Signal. Many bots share upstream triggers (same oracle, same news wire, same arbitrage opportunity). Their event-timing series are highly correlated even when per-event sizes differ.

Method. For each actor, build a binned rate series (events per $\Delta$ over a rolling window). Pairwise DTW distance between normalized rate series; pairs below dtw_max_distance are linked; connected components → clusters.

python
from horizon.flow.clustering import TemporalClusterer

clusterer = TemporalClusterer(config)
clusters = clusterer.cluster(
 actor_timestamps={
 "0xabc...": [ts1, ts2, ...],
 "0xdef...": [ts1, ts2, ...],
 },
 venue_name="polymarket",
 bin_s=5.0,
 window_s=3600.0,
)

Dependency. dtaidistance from horizon[flow] (fast C-accelerated DTW). A pure-Python fallback is built in for environments without the extras. Slower but keeps tests green.

Config. ClusteringConfig.dtw_max_distance (default 1.0 after L2 normalization). Lower = tighter clusters.

NetworkCommunityClusterer

Reference. Blondel, V. D., Guillaume, J.-L., Lambiotte, R., Lefebvre, E. (2008). “Fast unfolding of communities in large networks.” Journal of Statistical Mechanics. Trader-network template: Cohen-Cole, E., Kirilenko, A., Patacchini, E.

Signal. Actors who trade the same markets at the same time share upstream information or coordination. Building an actor graph (edge weight = co-trade frequency within time windows) and running community detection identifies groups.

Method. Louvain algorithm on the actor × actor graph; edges weighted by co-occurrence count within cooccurrence_window_s-long windows. Falls back to networkx.community.greedy_modularity_communities when python-louvain is not installed.

python
from horizon.flow.clustering import NetworkCommunityClusterer

clusterer = NetworkCommunityClusterer(config)
clusters = clusterer.cluster(
 events=all_market_events,
 venue_name="polymarket",
 cooccurrence_window_s=60.0,
)

Dependencies. networkx always (lightweight); python-louvain optional for the tunable-resolution Louvain. Both live in horizon[flow].

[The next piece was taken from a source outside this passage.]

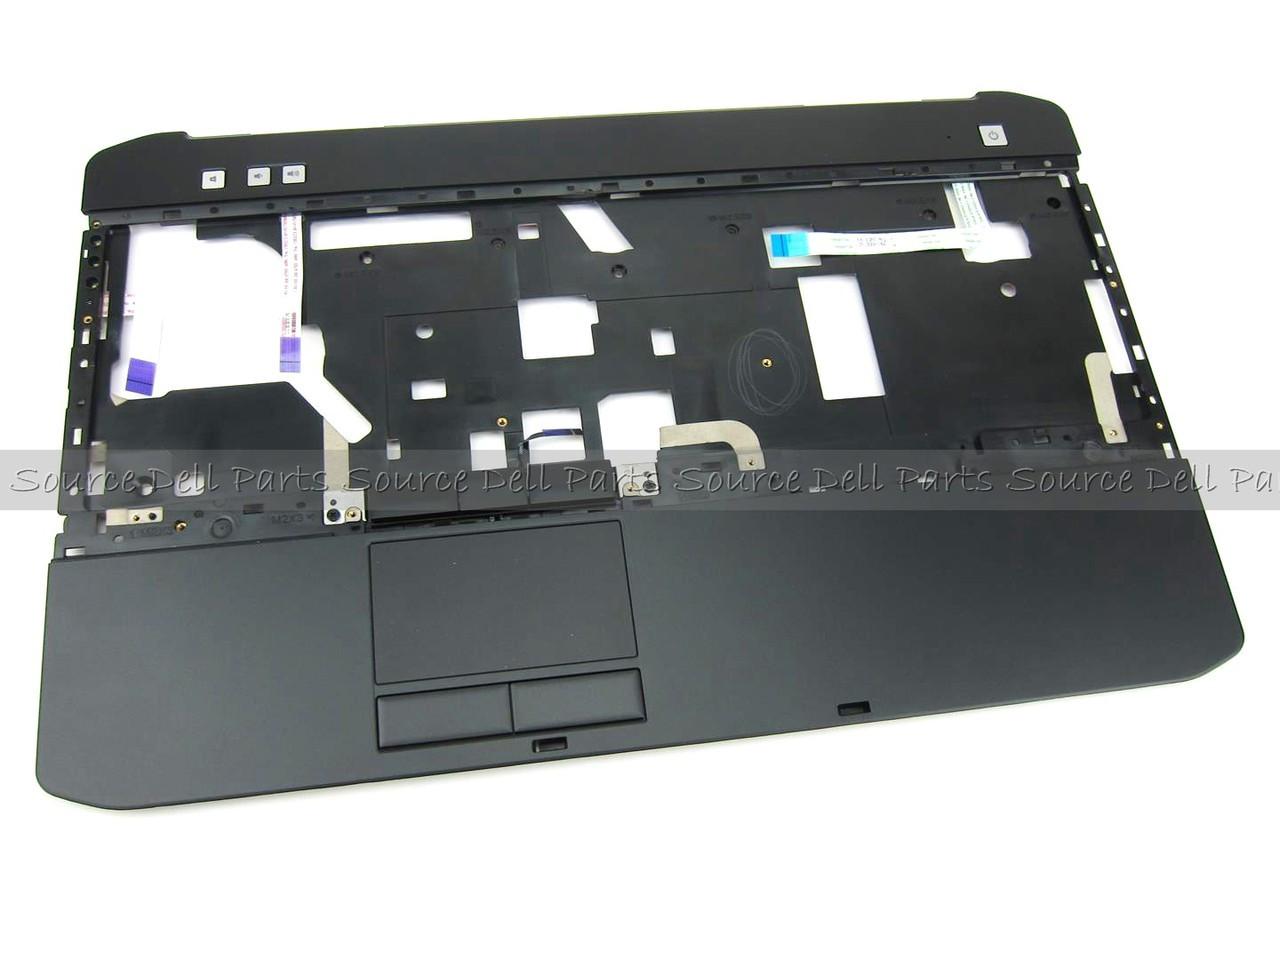 Dell Latitude E5530 Palmrest Touchpad Assembly - 7671J

Config. ClusteringConfig.louvain_resolution (default 1.0; standard modularity). Higher = more, smaller communities.

Composite clusters

V0.1 does not ship a cross-method composite clusterer. Each lens emits WalletCluster records with its method set, and downstream application code can reconcile them. V1.0 adds a CompositeClusterer that runs all four lenses and merges overlapping assignments via confidence-weighted union.

Why three lenses

No single method suffices:

  • Behavioral sees “same algorithm implementation” but not “same operator running two strategies.” Two bots from different firms with similar structure end up in the same cluster; the same firm running a market-maker and a directional strategy ends up in different clusters.
  • Temporal sees “triggered by the same external signal” but not “different triggers with identical feature profiles.” Two bots listening to the same oracle cluster; two bots with the same behavior but different reaction times do not.
  • Network sees “co-presence in the same markets” but not “causally related.” Index-rebalancers all touch the same names; so do manipulators coordinating a pump.
  • On-chain heuristics (WalletHeuristicLinker) see “same controller’s wallets” but only on venues that expose addresses.

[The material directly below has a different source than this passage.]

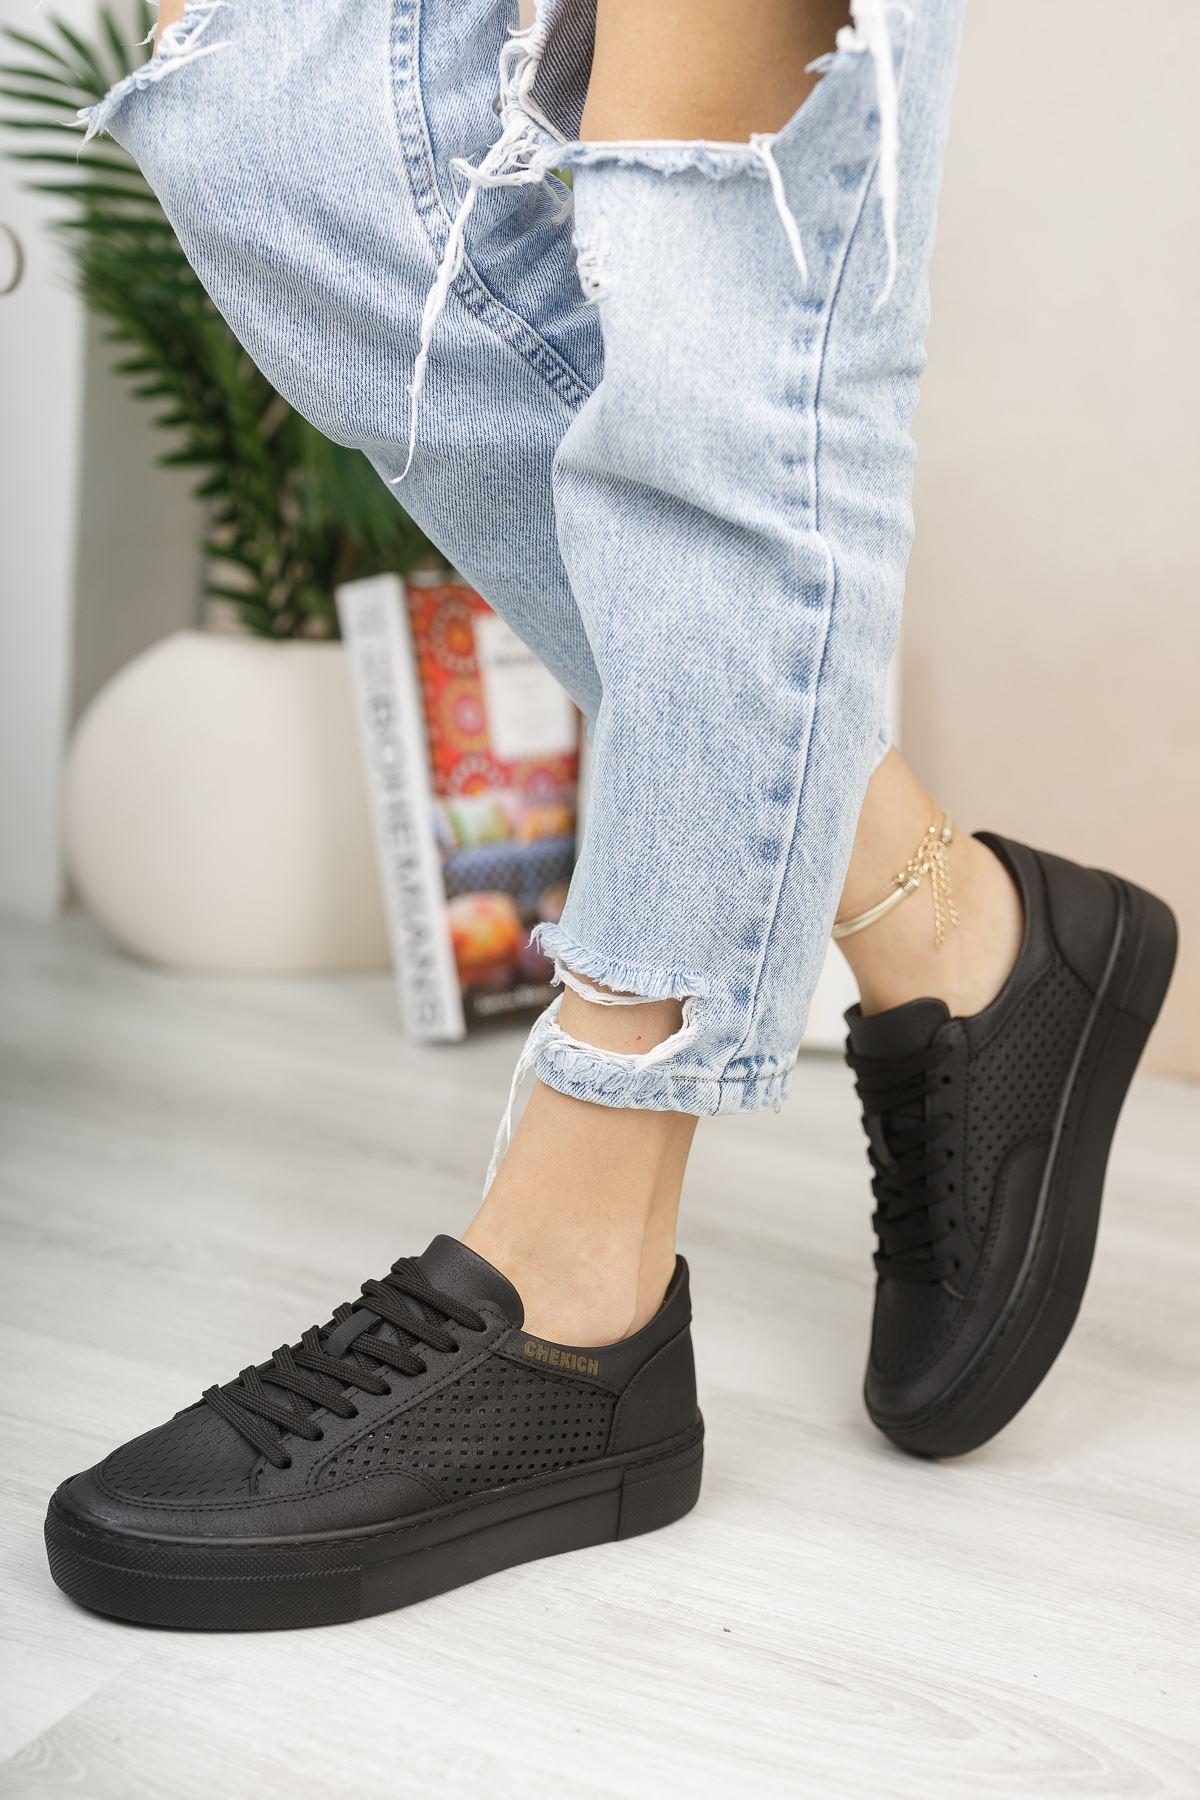 Chekich CH015 ST Kadın Ayakkabı SIYAH

A claim that survives two independent lenses is worth acting on. Single-lens claims are leads, not conclusions.

Determinism

All three clusterers honor FlowConfig.seed. HDBSCAN is deterministic by construction; Louvain via python-louvain accepts a random_state (seeded); the DTW fallback is deterministic. The same input + the same seed produces the same clusters across runs. A compliance property as much as a testing one.

Citations

  • Campello, R. J., Moulavi, D., Sander, J. (2013). “Density-based clustering based on hierarchical density estimates.” PAKDD.
  • Paparrizos, J., Gravano, L. (2015). “k-Shape: Efficient and Accurate Clustering of Time Series.” SIGMOD 2015.
  • Blondel, V. D., Guillaume, J.-L., Lambiotte, R., Lefebvre, E. (2008). “Fast unfolding of communities in large networks.” Journal of Statistical Mechanics.
  • Tumminello, M., Lillo, F., Piilo, J., Mantegna, R. N. (2012). “Identification of clusters of investors from their real trading activity in a financial market.” New Journal of Physics, 14(1).
  • Sakoe, H., Chiba, S. (1978). “Dynamic programming algorithm optimization for spoken word recognition.” IEEE TASSP.